Complaints about the Childress-Pruter presentation led the APA continuing education committee to announce this week an agreement with AFCC that Childress and Pruter may never again make this kind of presentation at AFCC. AFCC also agreed to provide an alternative webinar by Michael Saini on evidence-based views of child resistance and refusal and have posted this at www.afccnet.org. Given that according to Childress’ blog he is planning a sort of “March on Washington” where he and his followers will deliver a petition to APA and will videotape its reception, this AFCC-APA agreement may appear as a considerable blow. No doubt the rejection of Childress’ PA claims by APA will only strengthen the cult-like belief of his followers, but the APA decision will prove a powerful argument in many cases where parents are under attack as “alienators”.

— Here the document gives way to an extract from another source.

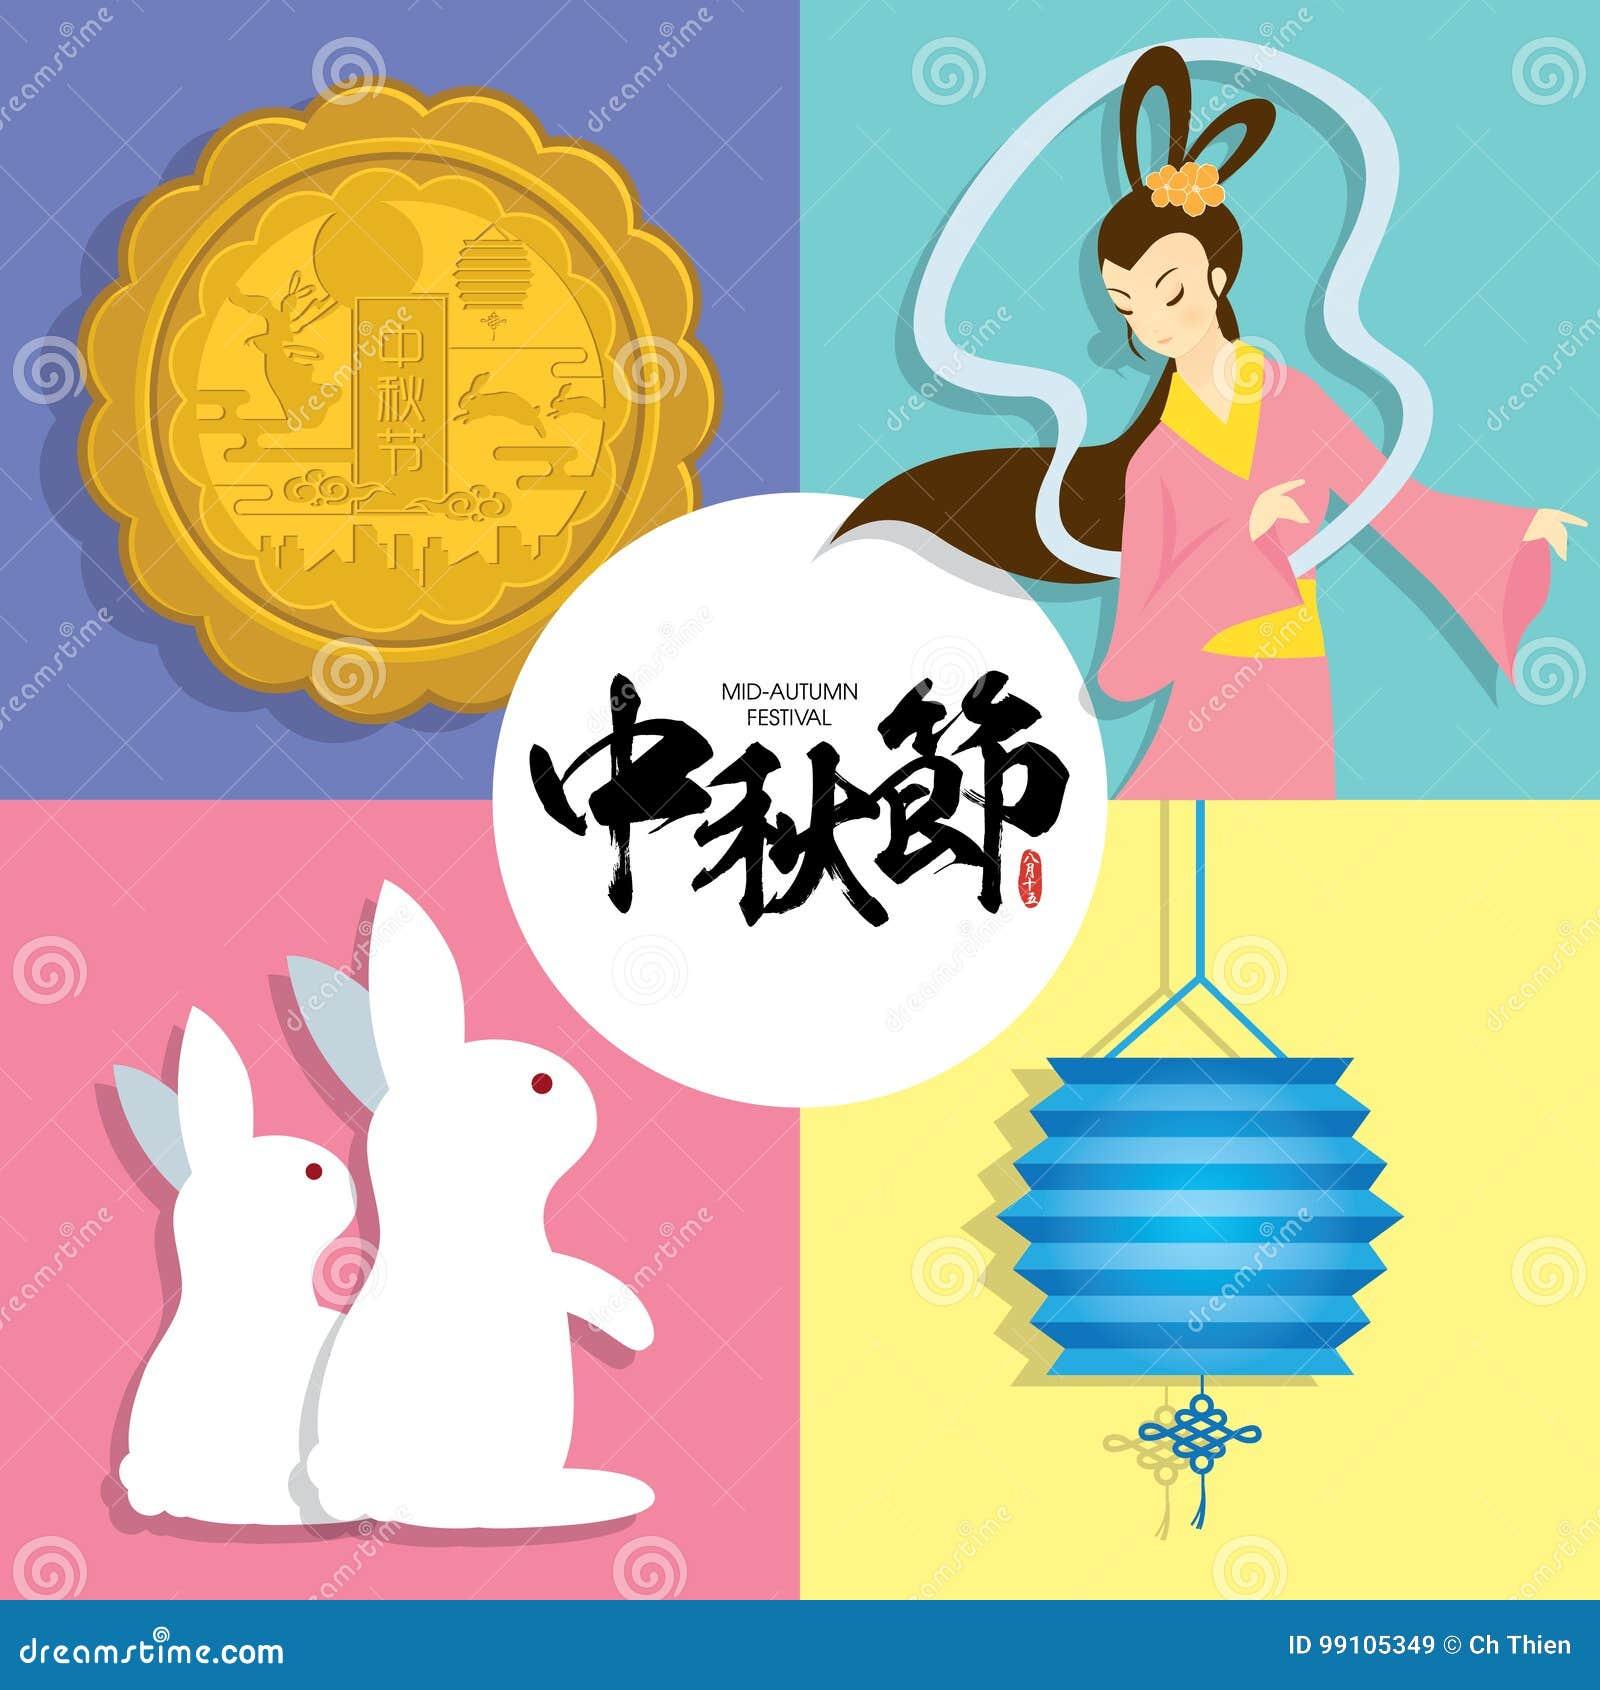 Mitt--höst festivalillustration av kakor för gudinna, för kanin, för lykta och för måne för måne för Chang ` e Överskrift: Mitt--

The observation I referred to earlier has to do with the CV of a PA proponent (not Childress this time, although his has a sticky problem in the omission of some years of activity). In connection with a current PA suit, I saw the CV of Demetrios Lorandos. Lorandos has been a powerful advocate for the PA position, bringing to the argument both a law degree and a doctorate in psychology. But wait… that doctorate seems to be rather open to question. It came from the Union Institute in 1978. The Union Institute is pretty problematic in itself, having been the alma matter of a number of alternative psychotherapists like Gregory Keck of holding therapy fame. Students there have written dissertations on the topics they chose, and then decided what discipline (e.g. psychology or criminology) they wanted their degrees in. (An Internet search will show you why I say this about what is not quite a diploma mill but more a “wannabe university”.) But on top of those problems, Lorandos’ degree in 1978 predated by seven years the accreditation of Union in 1985. In other words, he does not have a doctorate from an accredited university and therefore should not call himself “Doctor”. (See, for comparison, https://www.insidehighered.com/news/2011/10/12/top_two_leaders_at_community_college_earned_doctoral_degrees_from_diploma_mills.) He may, of course, call himself a psychologist, as he is licensed in that field because of a master’s degree from the New School for Social Research. How is it that no one has noticed before that Lorandos’ CV shows that he does not have a doctorate from an accredited institution? Well, not everybody spends their time looking at fraud and deception in psychology the way I do.
Am I arguing that Lorandos’ lack of a genuine doctoral degree means that he can have nothing useful to say? No, of course not. There are plenty of expert witnesses who have excellent backgrounds outside academia. But when someone presents himself repeatedly as having a doctorate, and fools people who are not familiar with the Union Institute story, I must question his integrity as well as his training in assessment of research.
Between the Childress and the Lorandos events, I think we may be able to look forward to a day when attorneys and judges will be able to recognize the weaknesses of the PA concept and of the treatments proposed by PA advocates.